# New Breed?



## SchönFarbe (Aug 10, 2015)

I was wondering how difficult would it be to officially create a new breed of goat?


----------



## bloonskiller911 (Aug 10, 2015)

I would say lots of paperwork and very hard.  you would definitely need to show generations of work. and that they breed true, and continue to breed true.  you would have to write up breed standards and functionality too, not impossible though.

what are you breeding?


----------



## SchönFarbe (Aug 10, 2015)

Dairy breed with a little meat thrown in. The brown goat would be the doe. And the white one would be the Buck.


----------



## SheepGirl (Aug 12, 2015)

I was reading an article in one of my _sheep!_ magazines about someone who wrote a letter to the editor about how easy/difficult it would be to start a new breed of sheep. One of the main points was "What does this breed do that another breed doesn't?" Livestock are primarily bred for production purposes--usually leaning more towards terminal, maternal, or "dual purpose" traits. For example, with goats, you have meat and dairy breeds. Within those categories you have more breeds. For example, with meat goats, you have Savannah, Kiko, and Boer goats. Boers are the ultimate terminal sire. Savannah and Kiko goats, though meat goats, are primarily a maternal breed, focusing on day-to-day management (hardiness, parasite resistance, mothering ability, prolificacy, etc) rather than the end product (lbs of kid weaned, carcass characteristics, etc, as is the case with Boer goats). Dairy goats you have the high milk producers, the high fat producers, etc. Each one has a purpose, a niche, to fill that another breed doesn't.

What would make your crossbred meat x dairy goats different than another crossbred herd that someone is breeding to suit their specific needs. And to create a breed, you need a large enough scale that you can create many different lines with the same traits that breed true but are not closely related so you can have a sustainable population without too much inbreeding.

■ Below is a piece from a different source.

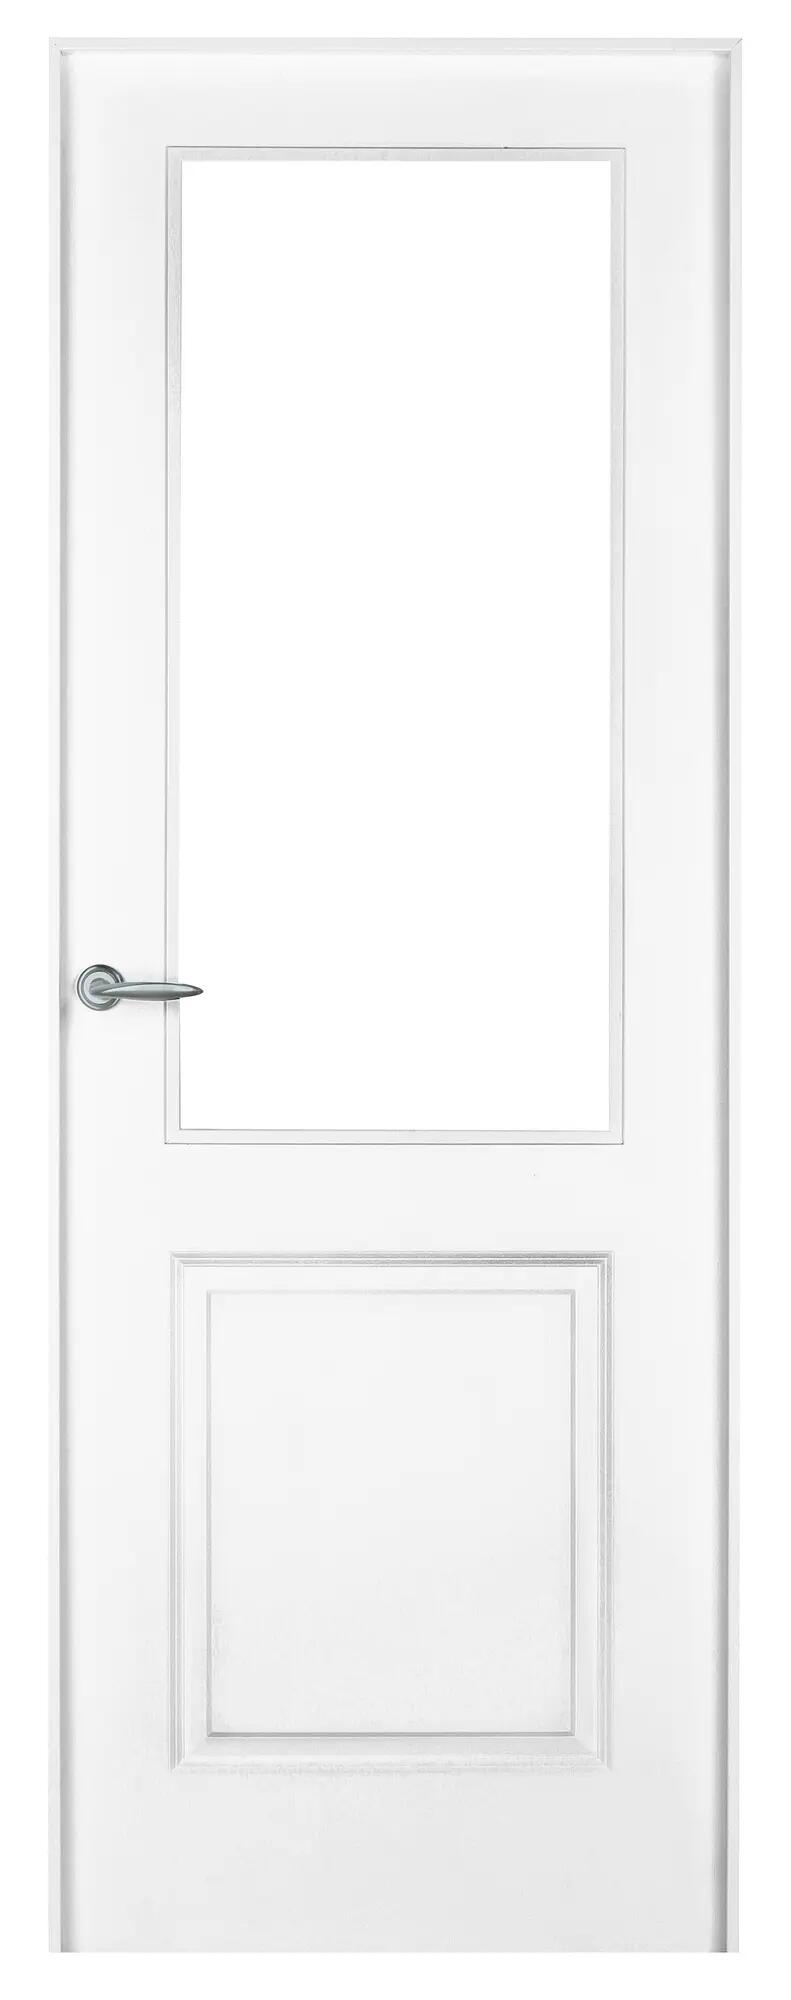 Puerta bonn blanco apertura izquierda con cristal 72.5cm

And when crossbreeding your goats to "create" a breed, you want the best specimens to use in the creation of the breed. Your breed will only be as good as the goats used to create it. How is their health? Temperament? Comformation? Production? For the meat goats, do you have growth rates and adjusted weaning weights? How about carcass scans? For the dairy goats used, do you have litter size information? Do you have milk production and fat production information? All of this requires extensive record keeping to ensure the traits are breeding true and you can cull any outliers in the population.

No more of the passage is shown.